I was wondering, if I define a Sink using the Sink.fold method (in order to gather information about the persisted elements) for the persistence, are the elements sent to the sink going to be processed one after another, or in parallel?
It's a basic question, but I wasn't able to find a definitive answer in the docs.
Since Sink.fold needs the result from the previous elements to combine it with the next one, it's necessarily sequential.
It's more of a Sink.foldLeft, actually.
In other words, if you have a, b as elements, and you fold them using f, you need acc = f(zero, a) to be able to process f(acc, b). So, until the processing for ais done b cannot be processed.
From the api doc:
A Sink that will invoke the given function for every received element, giving it its previous output (or the given zero value) and the element as input.
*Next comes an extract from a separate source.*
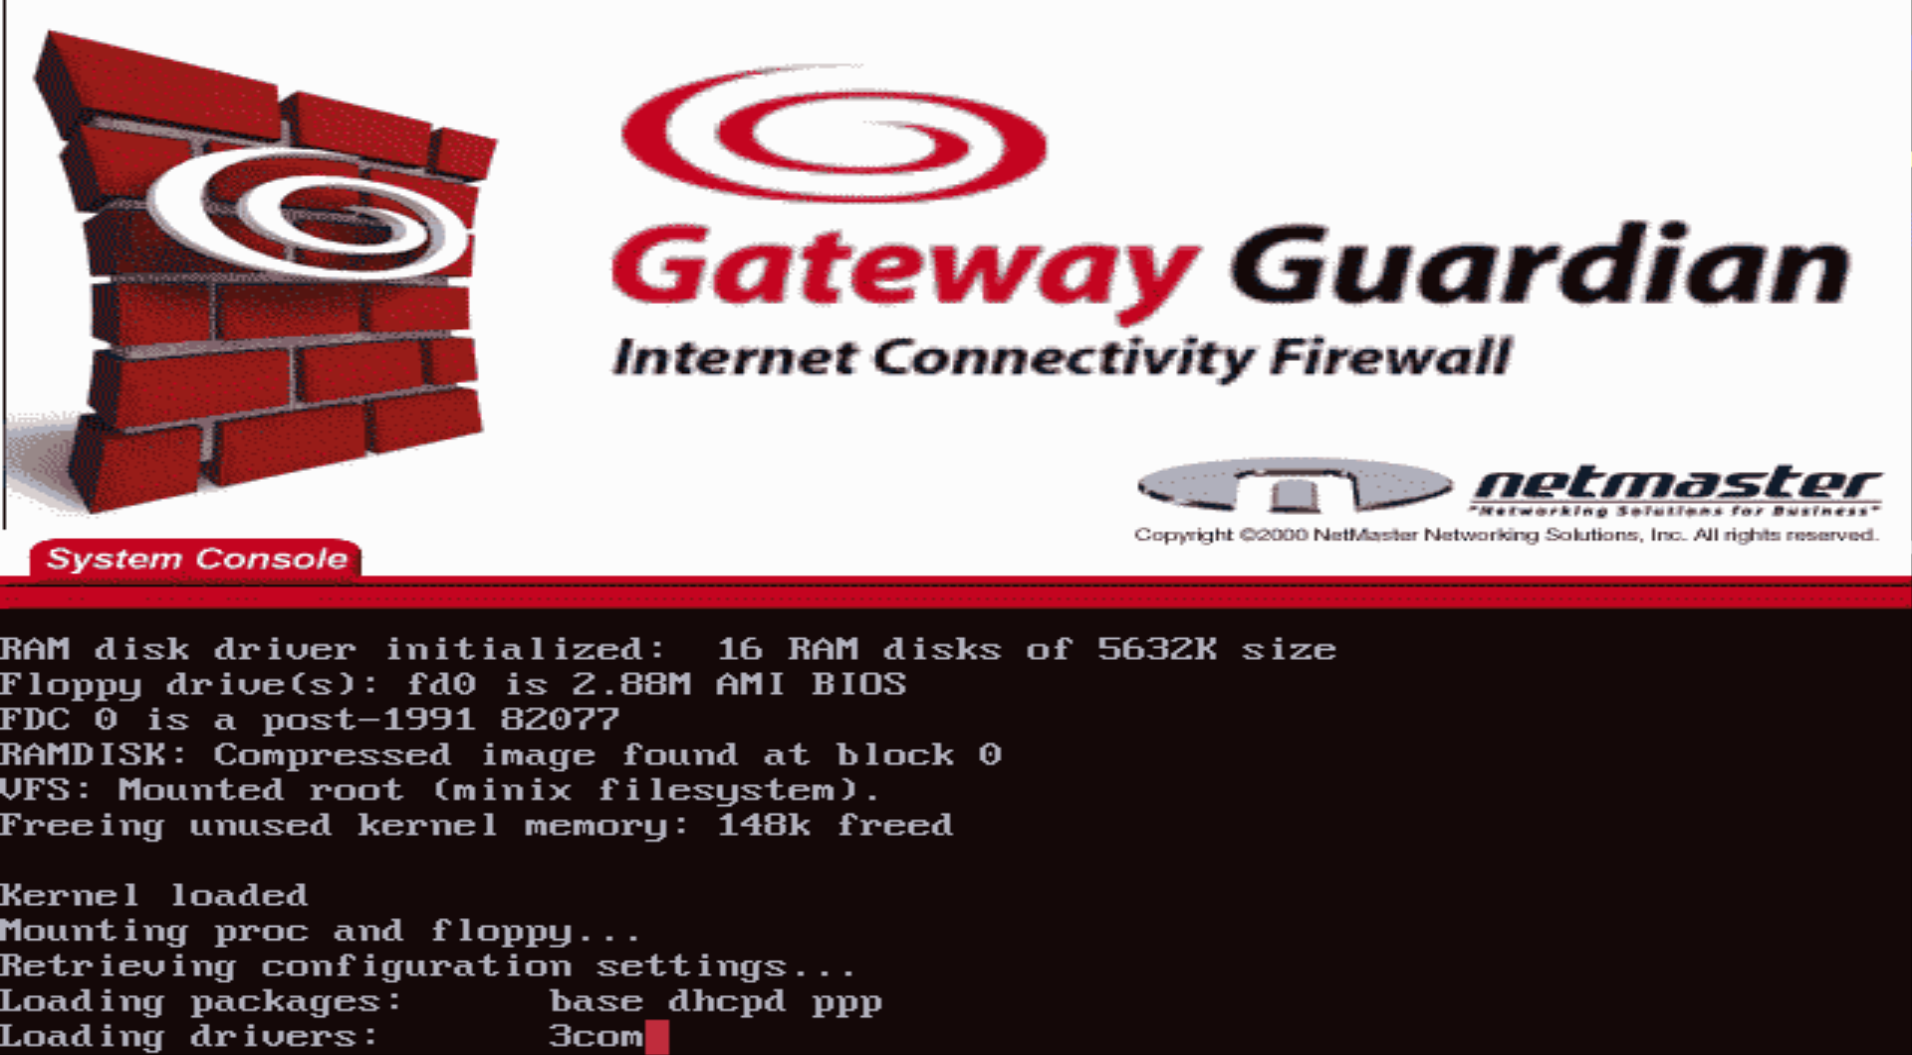 Linux as a Router/Firewall Appliance in the 1990's

The returned java.util.concurrent.CompletionStage will be completed with value of the final function evaluation when the input stream ends, or completed with Failure if there is a failure is signaled in the stream.
Related
I have an events-sourced entity (C) that needs to change its state in response to state changes in another entity of a different type (P). The logic to whether the state of C should actually change is quite complex and the data to compute that lives in C; moreover, many instances of C should listen to one instance of P, and the set of instances increases over time, so I'd rather they pull out of a stream knowing the ID of P than have P keep track of the IDs of all the Cs and push to them.
I am thinking of doing something such as:
Tag a projection of P's events
Have a Subscribe(P.id) command that gets sent to C
If C is not already subscribing to a P (it can only subscribe to one, and it shouldn't change), fire an event Subscribed(P.id)
In response to the event, use Akka-persistent-query to materialize the stream of events tagged in 1, map them to commands, and run asynchronously with a sync that sends them to my ES entity reference
This seems a bit like an anti pattern to have a stream run in the event handler. I am wondering if there's a better/more supported way to do this without the upstream having to know about the downstream. I decided against Akka pub-sub because it does at-most-once delivery, and I'd like to avoid using Kafka if possible.
You definitely don't want to run the stream in the event handler: the event handler should never side effect.
Assuming that you would like a C to get events from times when that C was not running (including before that C had ever run), this suggests that a stream should be run for each C. Since the subscription will be to one particular P, I'd seriously consider not tagging, but instead using the eventsByPersistenceId stream to get all the events of a P and ignore the ones that aren't of interest. In the stream, you translate those to commands in C's API, including the offset in P's event stream with the command, and send it to C (for at-least-once delivery, a mapAsync with an ask is useful; C will persist an event recording that it processed the offset: this allows the command to be idempotent, as C can acknowledge the command if the offset is less-than-or-equal-to the high water offset in its state).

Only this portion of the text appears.